Microservice internal communication - microservices

I've been reading up on Microservice Architecture But I still can't understand the inter-microservices communication mechanism.
In many articles they said that microservices are usually exposed over a RESTful API. But when you search the internet you always see implementations based on messaging and events for the backend communications.
So I'm confused, Is REST API a standard for all the microservices or we can see microservices without a REST endpoints.

For your problem , first lets understand the ways in which one service interacts with each other , lets create two service order service and customer service :
One service need some data from other service to process its requests, eg: lets say you want to place an order , so from ui you must hit http request to order service (which can be rest , or have a api gateway in between n that use some other protocol like protobu ) to call order service for placing an order , now assume order service needs to check the validity of the customer , so order service needs to call customer service in sync — most probably you will hit rest or create a protobuf or have a persistent websocket between the service and then after response from customer service , order service move ahead.
In this case sync communication needs to be imitated , one direct approach is rest or protobuff , or imitate it through messaging
Based on one service events , you want to update other service : in this generally the preferred style is messaging bus , where one service emits out event and multiple other services have a listener on the messaging bus and react accordingly . Eg : lets say on update of customer name in customer service , you want to update the cached name of the customer in order service , in this when name is updated in customer service , it emits customer name updated event , order service subscribe to it , then react to it
Your third question is , is it possible to have service with no rest endpoint ::: yes its possible , but every service needs to be reachable . So use rest or other form is needed
Above mentioned link : microservices.io is very good , go through it once again

REST is not the only style available for microservice-to-microservice (aka inter-process communication/IPC) but it is the most popular IPC technology used by applications based on microservices-styled architecture.

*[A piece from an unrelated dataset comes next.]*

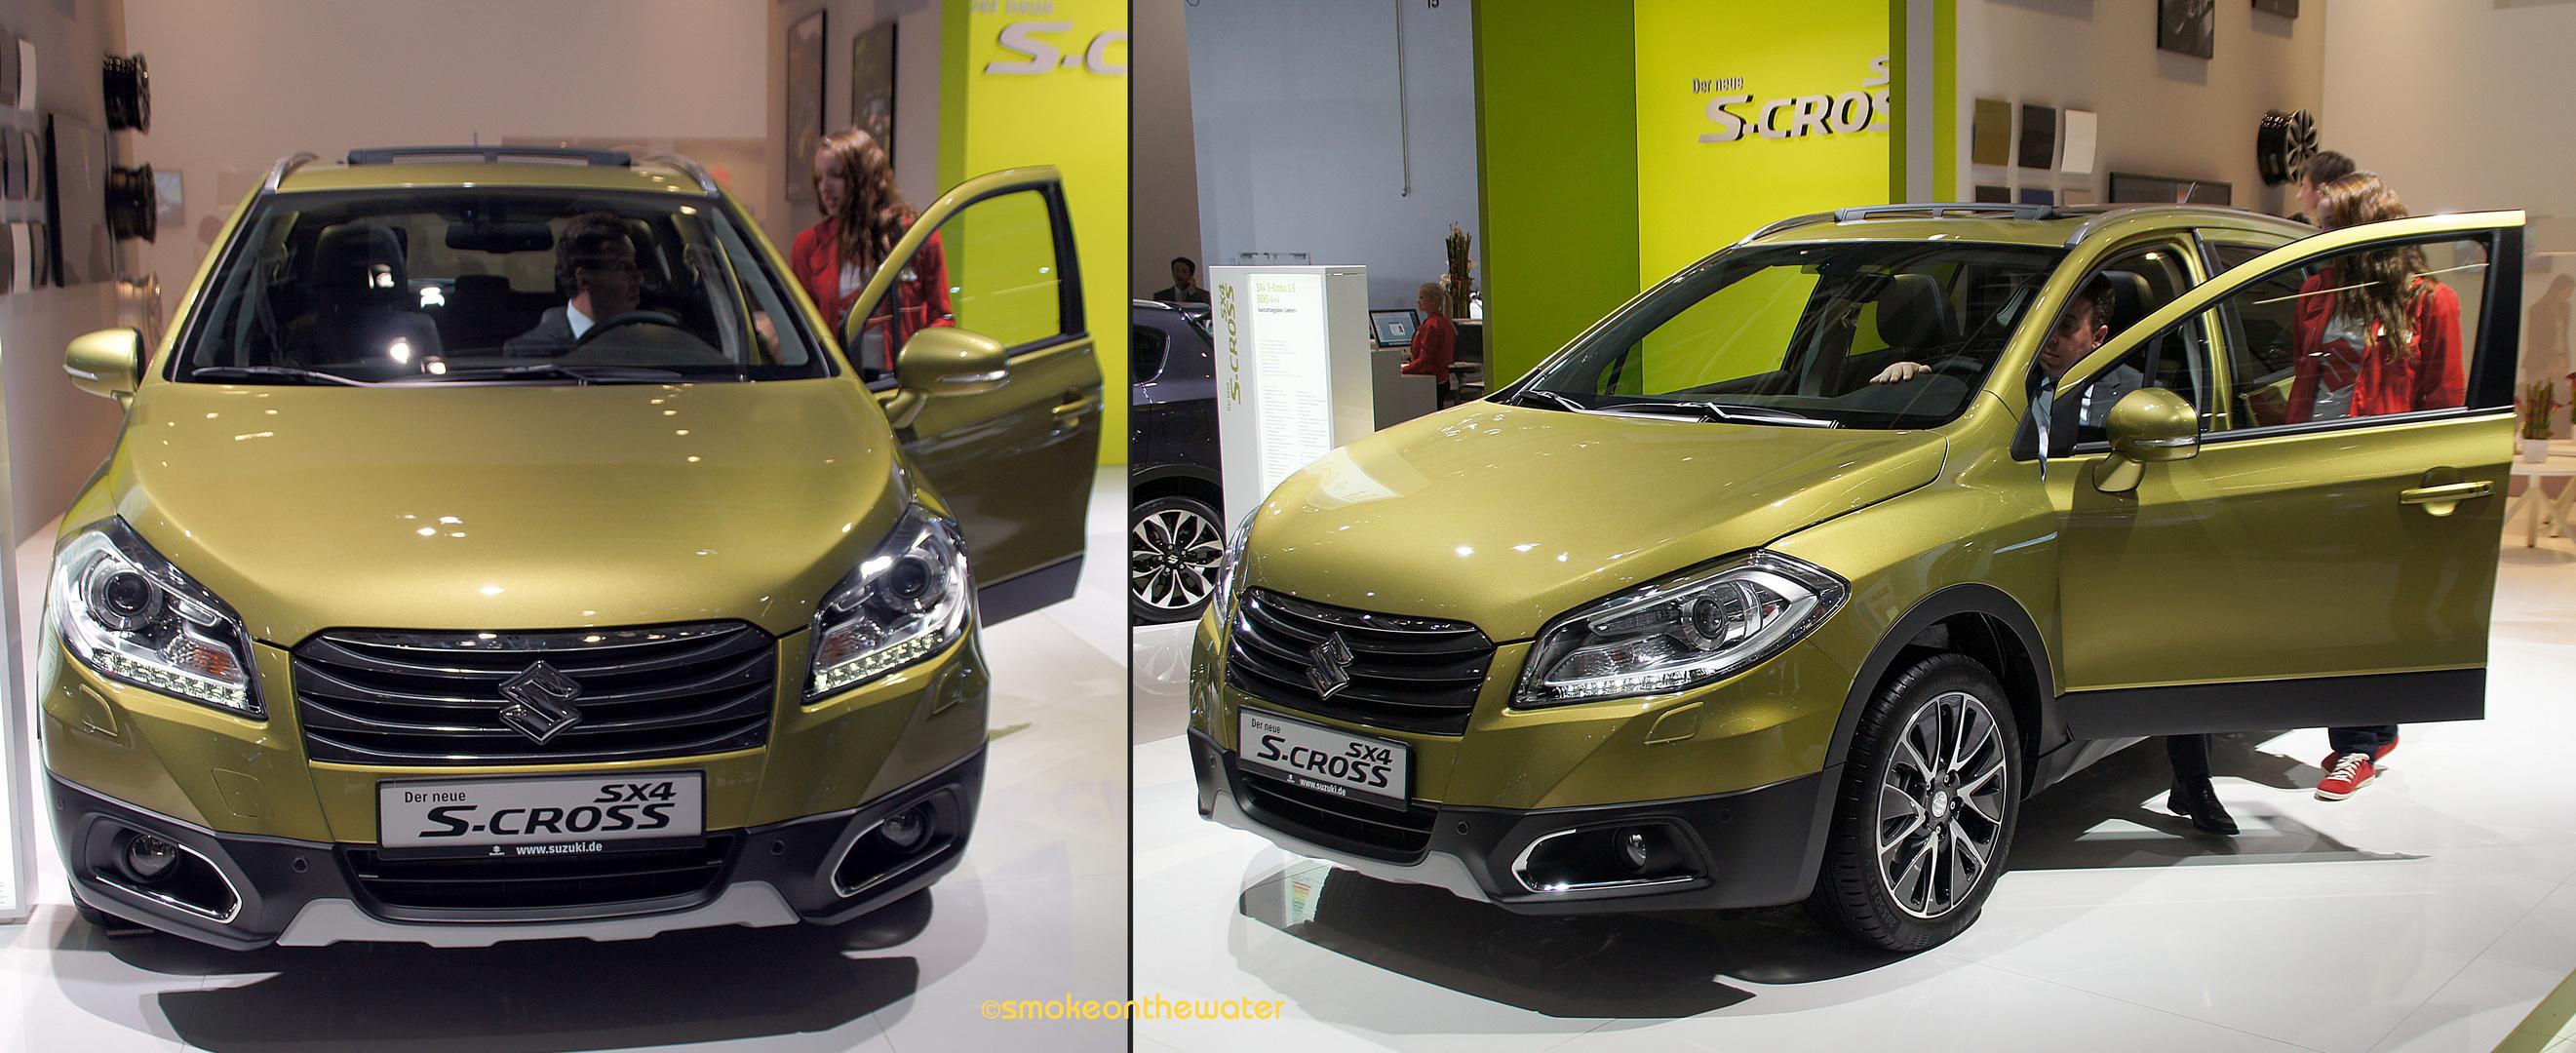 Suzuki SX4 S.Cross

There are other technologies like Apache Thrift and gRPC which can serve the same purpose. Essentially all of these technologies are industry-grade implementations of RPC (Remote Procedure Call).
I highly recommend you to read this link by Microservices Expert - Chris Richardson

One of the benefits of using microservices (if not the biggest) is that it eliminates any long-term commitment to a technology stack. When developing a new service you can pick a new technology stack. Similarly, when making major changes to an existing service you can rewrite it using a new technology stack.
So, you can choose whatever communication mechanism you want as long as it does not prevent you changing the technology stack. REST over HTTP is a good choice because it hides the technologies used by the microservice to generate the responses in a request-response synchronous style. Message-based communications are also a good fit because the messages could also hide the technologies used to produce them (as long as you don't use the builtin serialization of the producer programming language), i.e. RabbitMQ or Apache Kafka.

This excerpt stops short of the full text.